GIVEN RECORDS section start

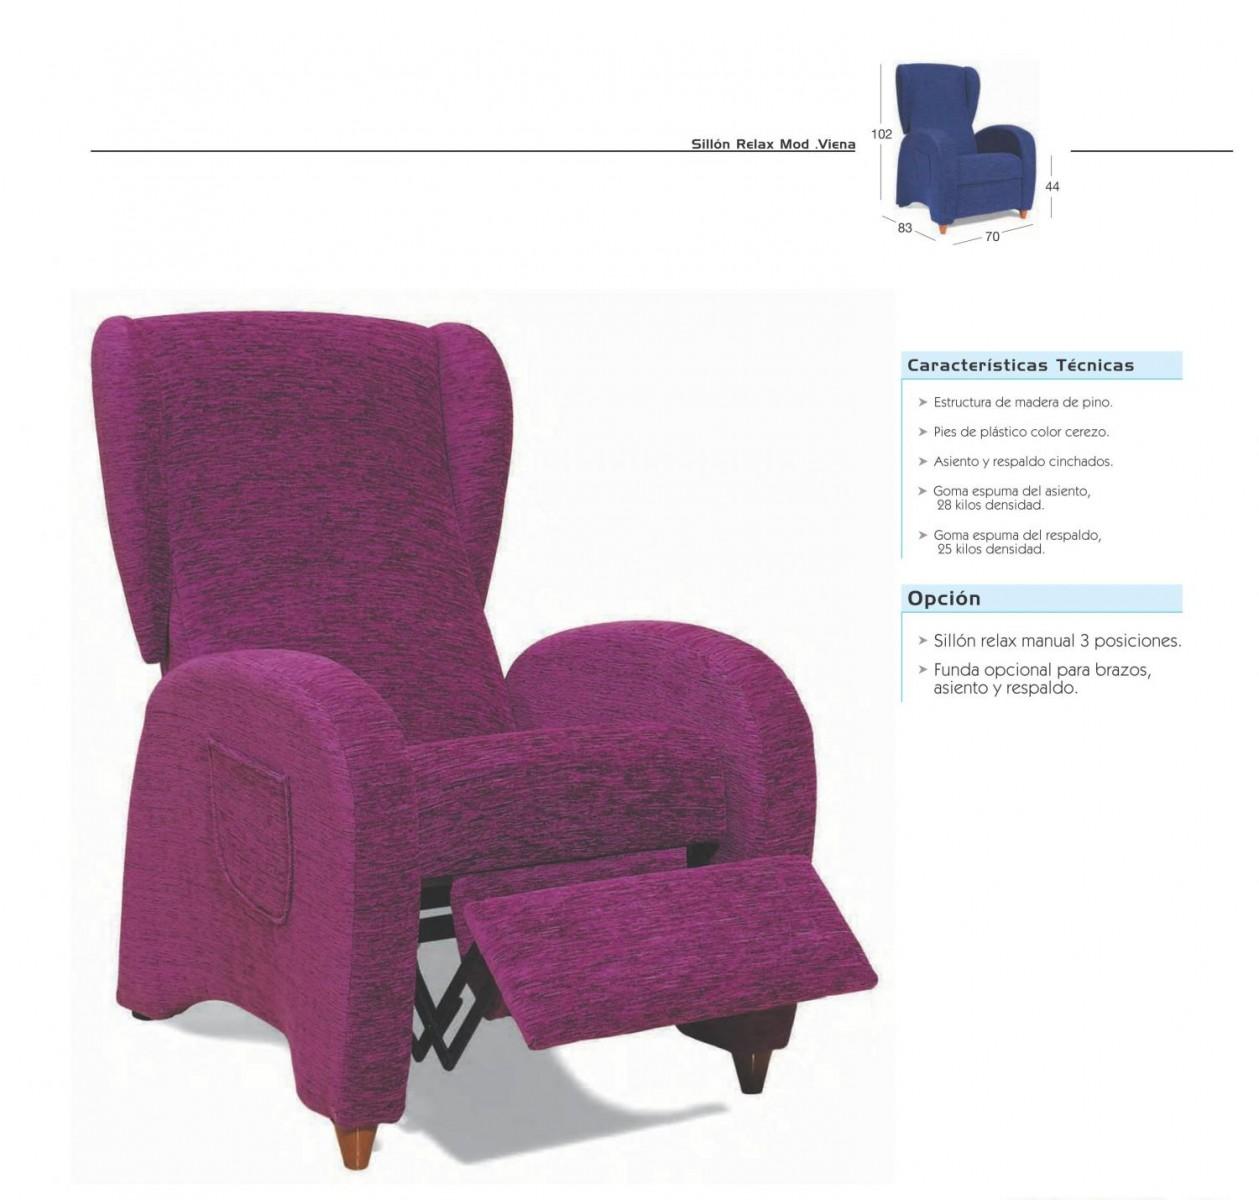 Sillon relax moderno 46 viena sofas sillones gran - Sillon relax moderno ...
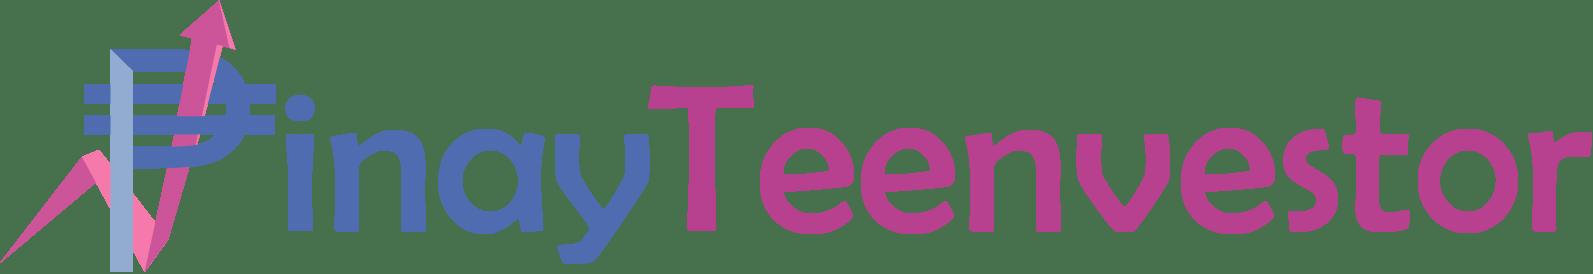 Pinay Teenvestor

GIVEN RECORDS section end
GIVEN RECORDS section start

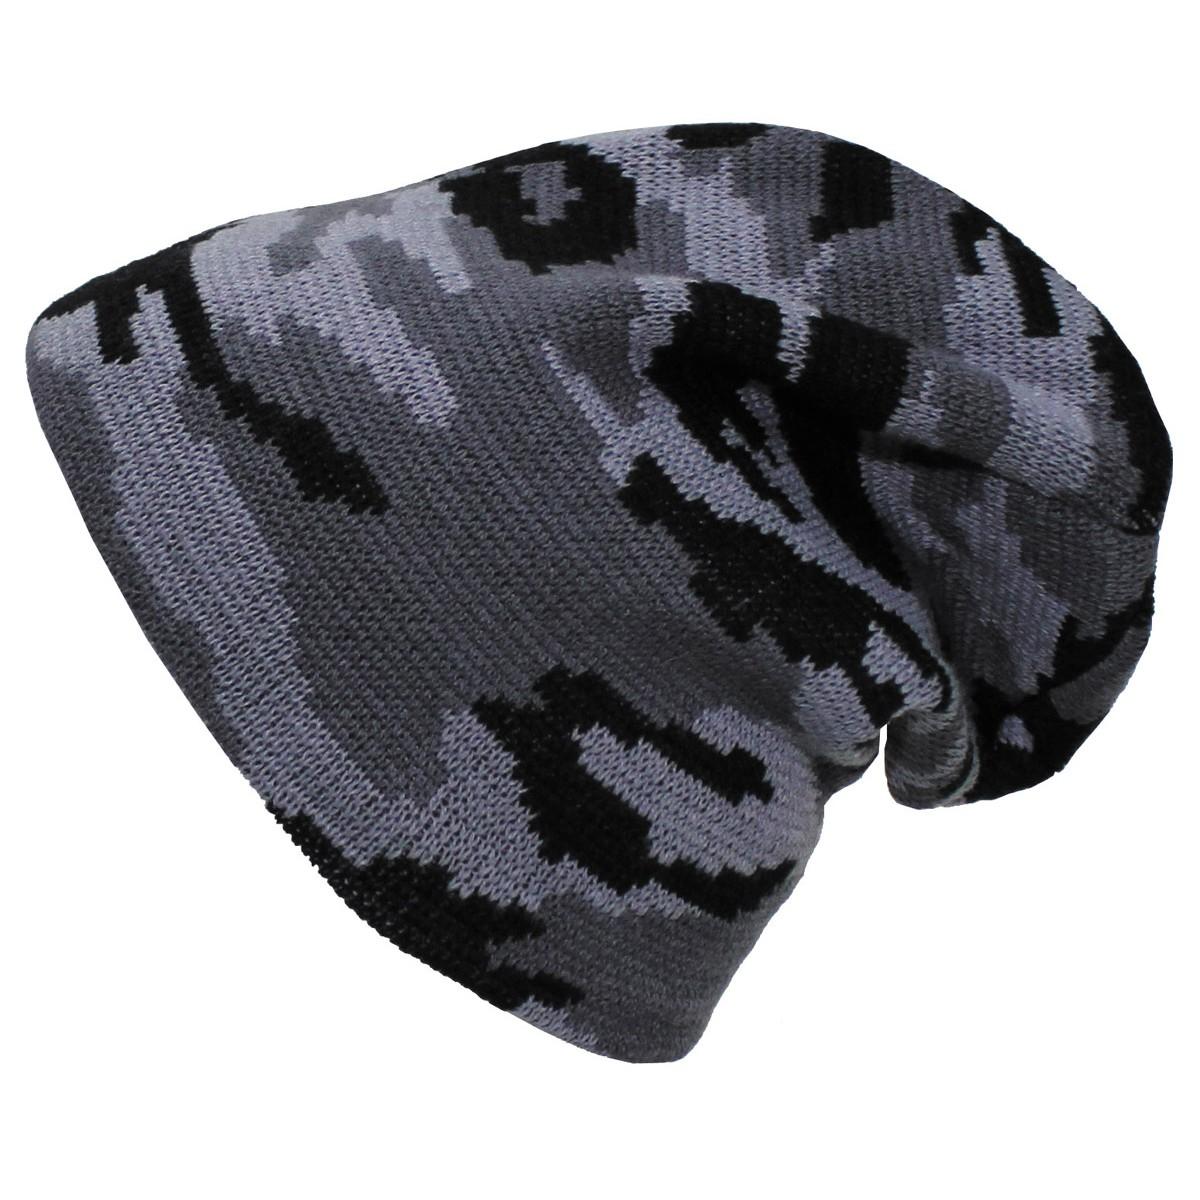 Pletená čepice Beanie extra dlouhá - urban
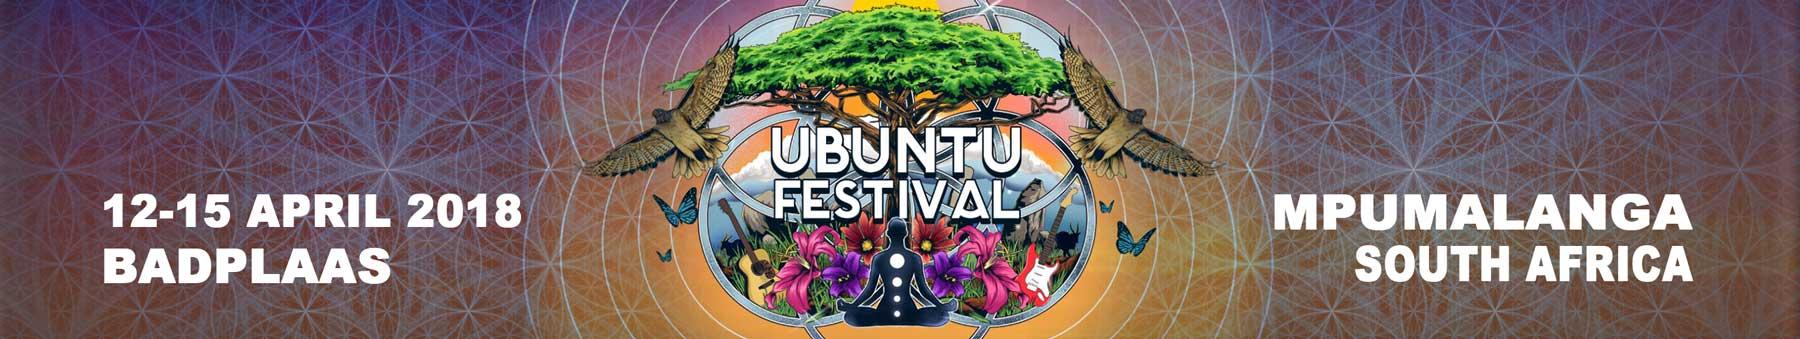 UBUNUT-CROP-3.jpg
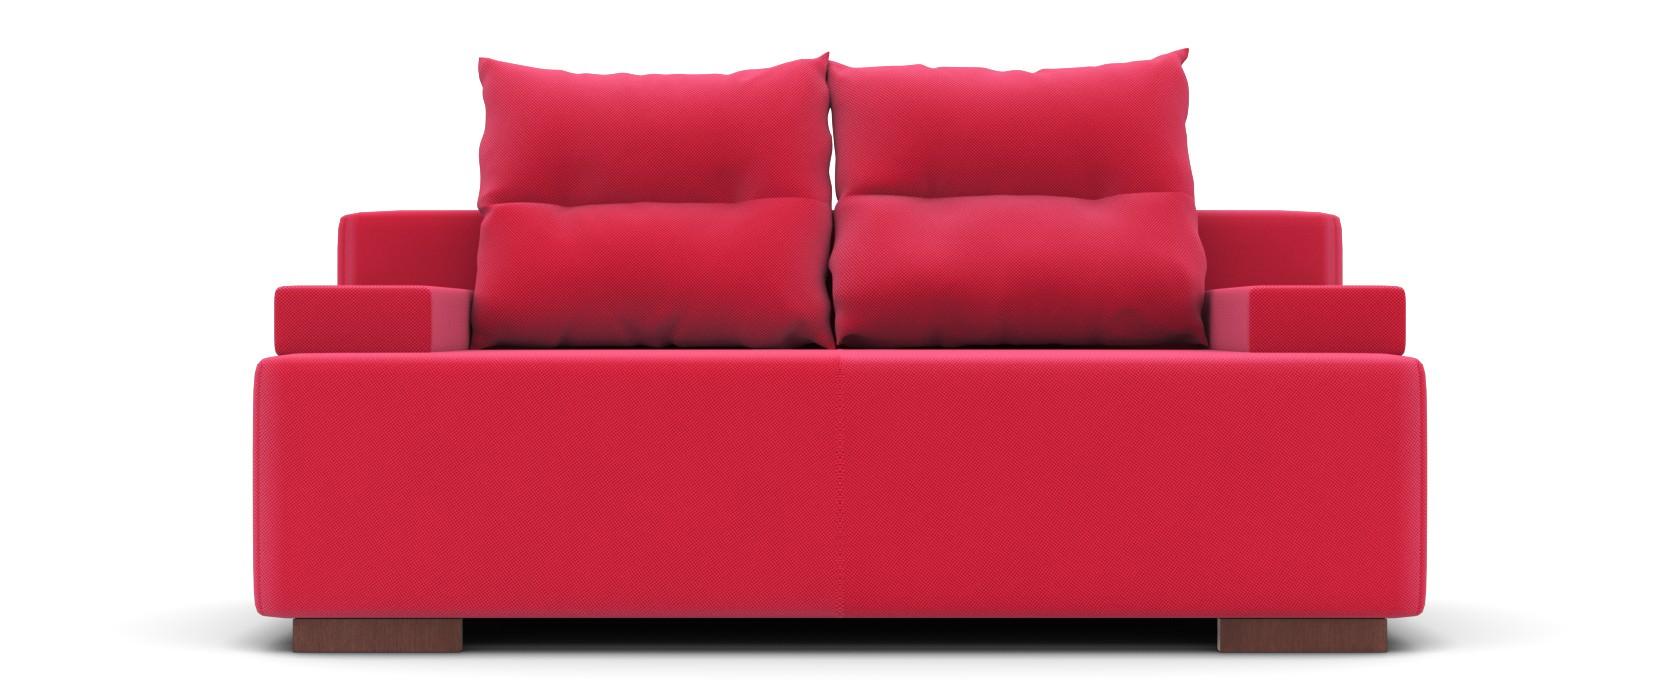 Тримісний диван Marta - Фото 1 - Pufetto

GIVEN RECORDS section end

THE PROBLEM — Set down word for word the lines above from the one with "Sillon relax moderno 46" up to and including the one with "Pinay Teenvestor". Omit every picture.

EXERCISE SOLUTION —
 Sillon relax moderno 46 viena sofas sillones gran - Sillon relax moderno ...
 Pinay Teenvestor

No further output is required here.